Published online by Cambridge University Press: 22 January 2022
It is ironic that as the first decade of the 21st century is nearing its end, we are encouraged to rethink residential child care. The irony is not because of any dramatic changes in residential child care per se but because of the discourses that have attempted to rid child welfare services of residential child care. Some have argued that all residential or institutional services are oppressive and should no longer be included among the variety of service options available to families or to health, education and welfare professionals. Such arguments are commonly put forward by so-called scholars who have never, ever worked with troubled or troublesome children and young people in residential child care. Theirs is an opinion allegedly informed through research about residential child care, not through practice research located from within the worlds where looked-after children and young people live. Theirs is a language filled with a discourse on outcomes and graphic claims offered by the disaffected. Rarely have they listened to life stories told by those who found respite, solace, opportunities and emotional commitment through relationships offered through positive residential child care experiences.
For all of these reasons it is timely for an intellectual stocktake and an opportunity to rethink residential child care.

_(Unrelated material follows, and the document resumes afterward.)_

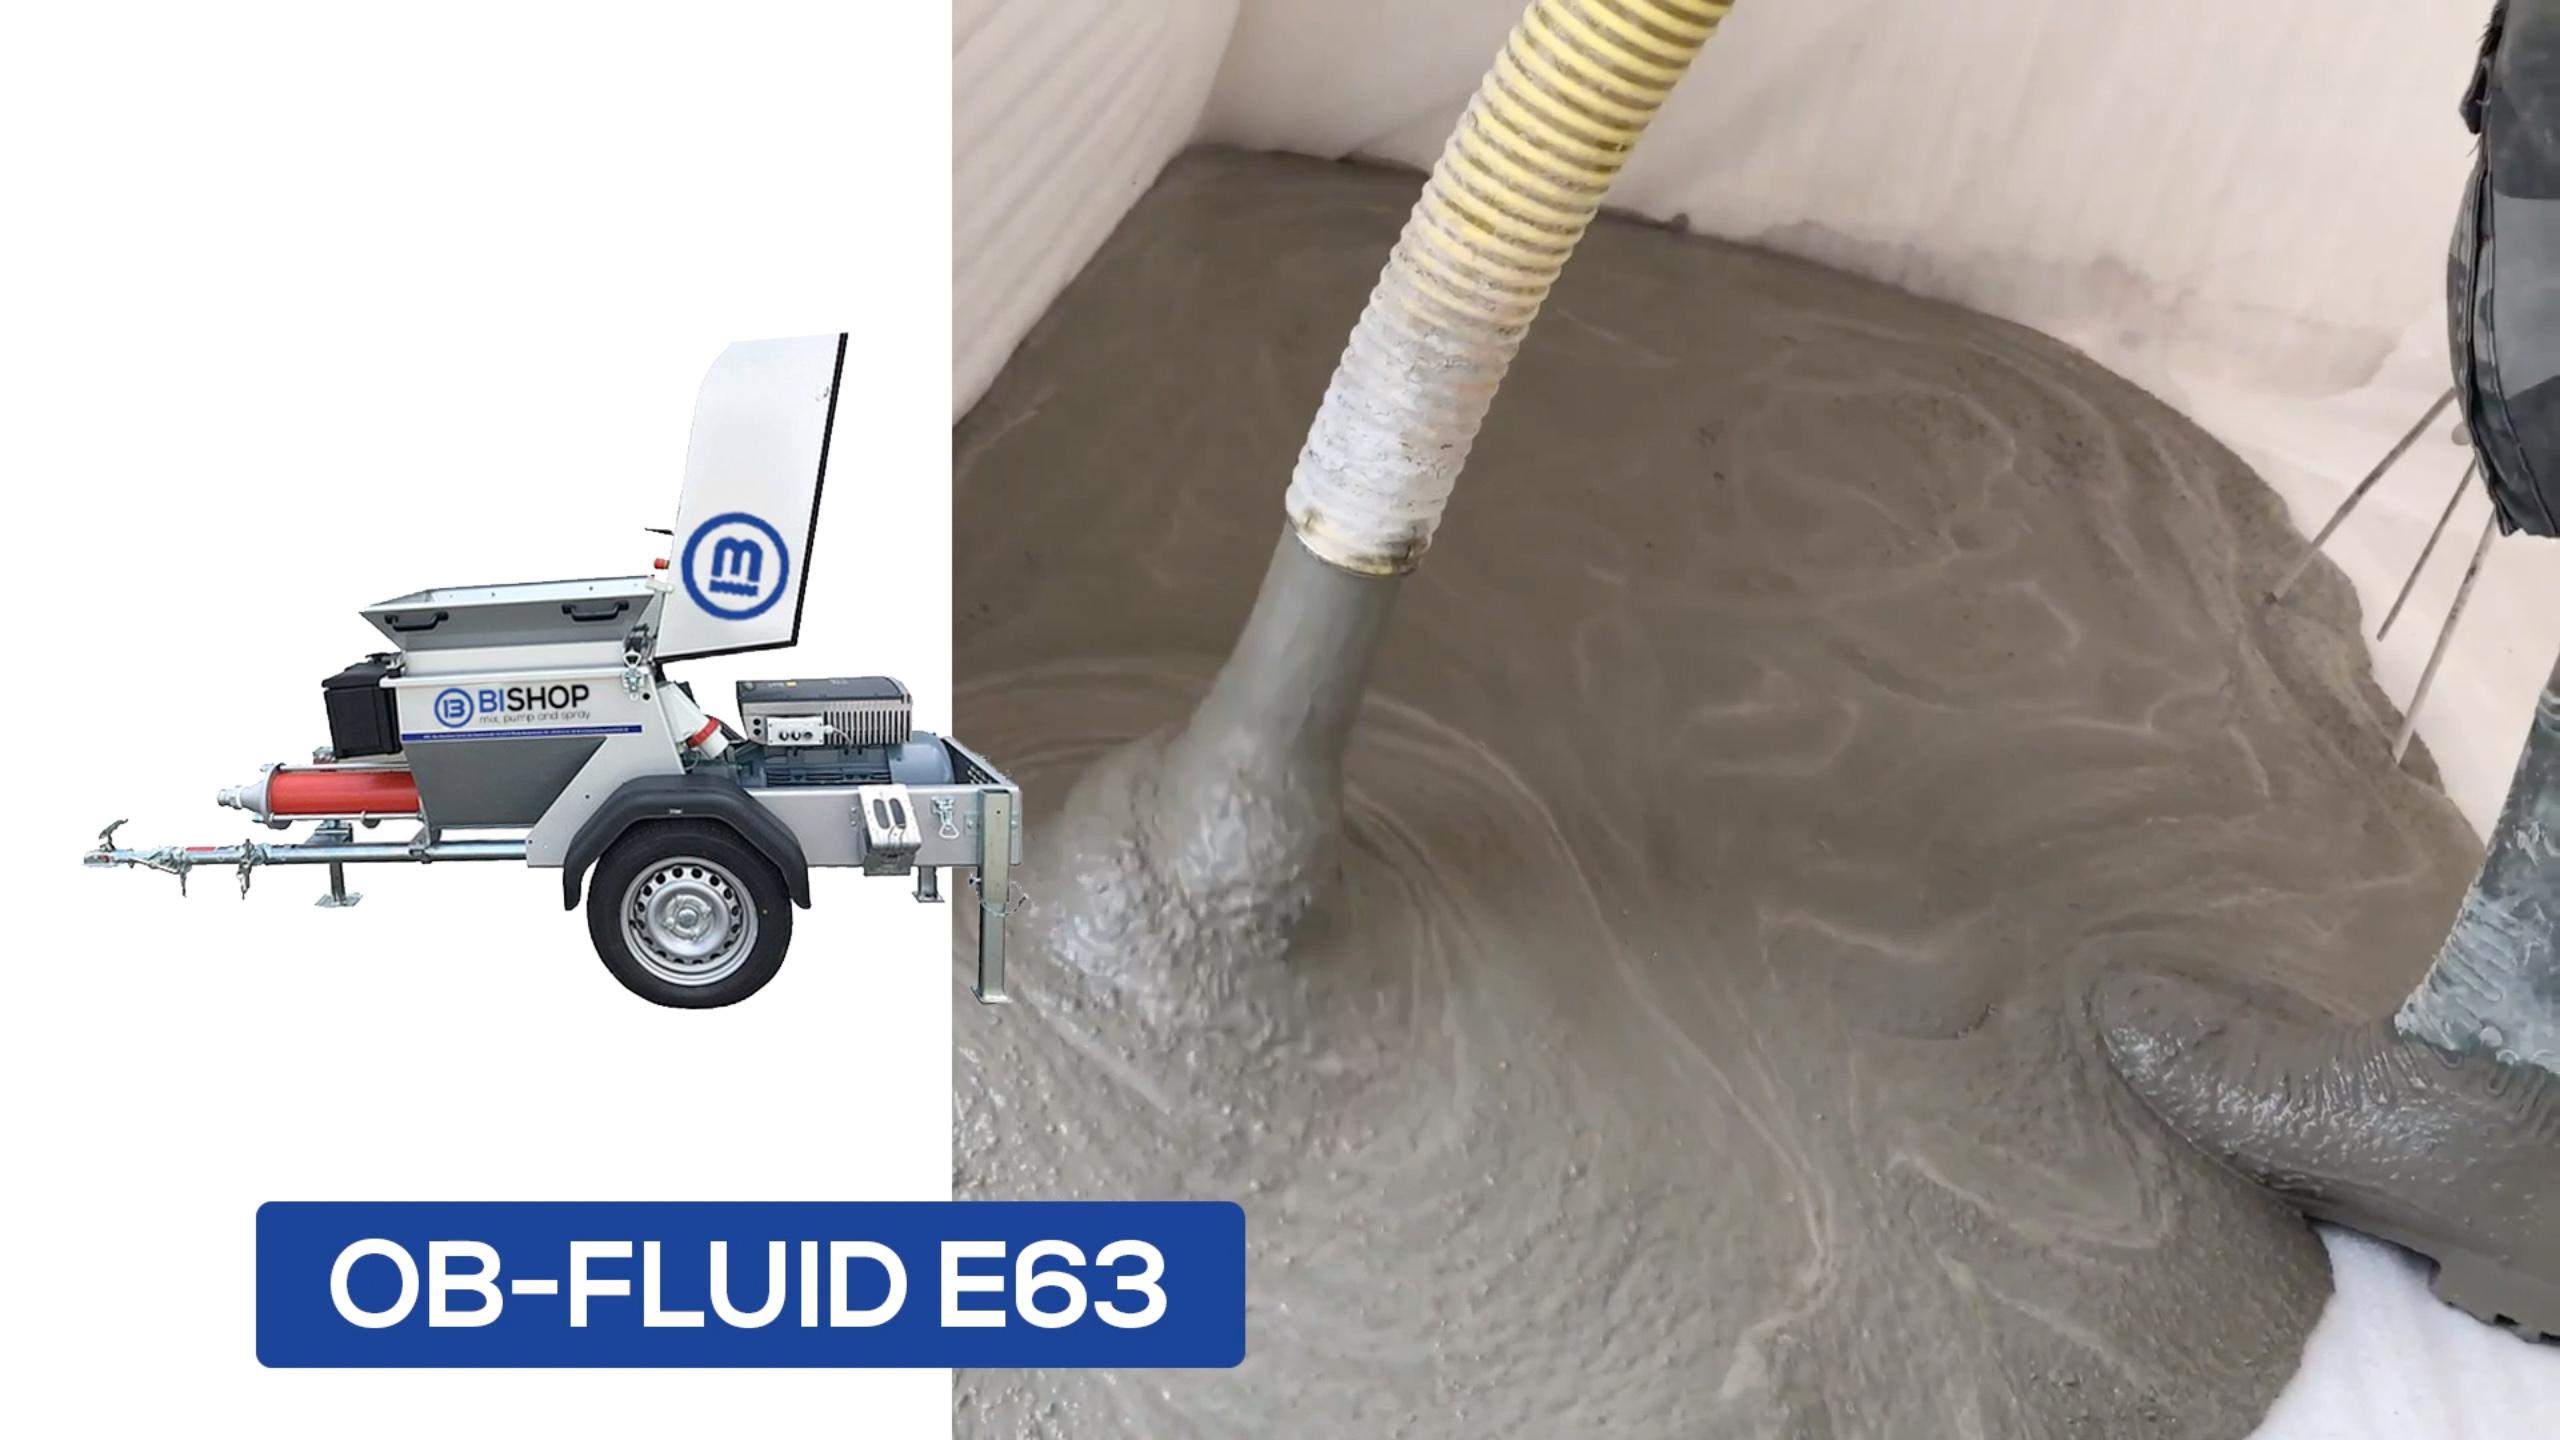 Miniatura de video de soladora ob-fluid e63

In the first place, residential care and education are among the oldest forms of human service ever to have been established. The first social work training dates from the late 19th century when the National Children's Home introduced in-service training for its carers. Residential child care is also the most internationally used of all health, education and welfare services with residential provisions of various sizes – from smaller, localised facilities to large-scale villages – located throughout the world, in so-called developed countries as well as in those others described as developing. Residential child care caters for the nation's most vulnerable or challenging children and young people, who are still most commonly looked after by that nation's least formally qualified people. There remains a strongly held view that real care cannot be taught and that the best carers are those who are ‘born’ with innate capacities and abilities to provide nurturing care. It is timely that all of these assumptions should be subjected to a systematic rethink.
Those who argue against the use of residential child care frequently omit residential schools from the list of services they would target for closure.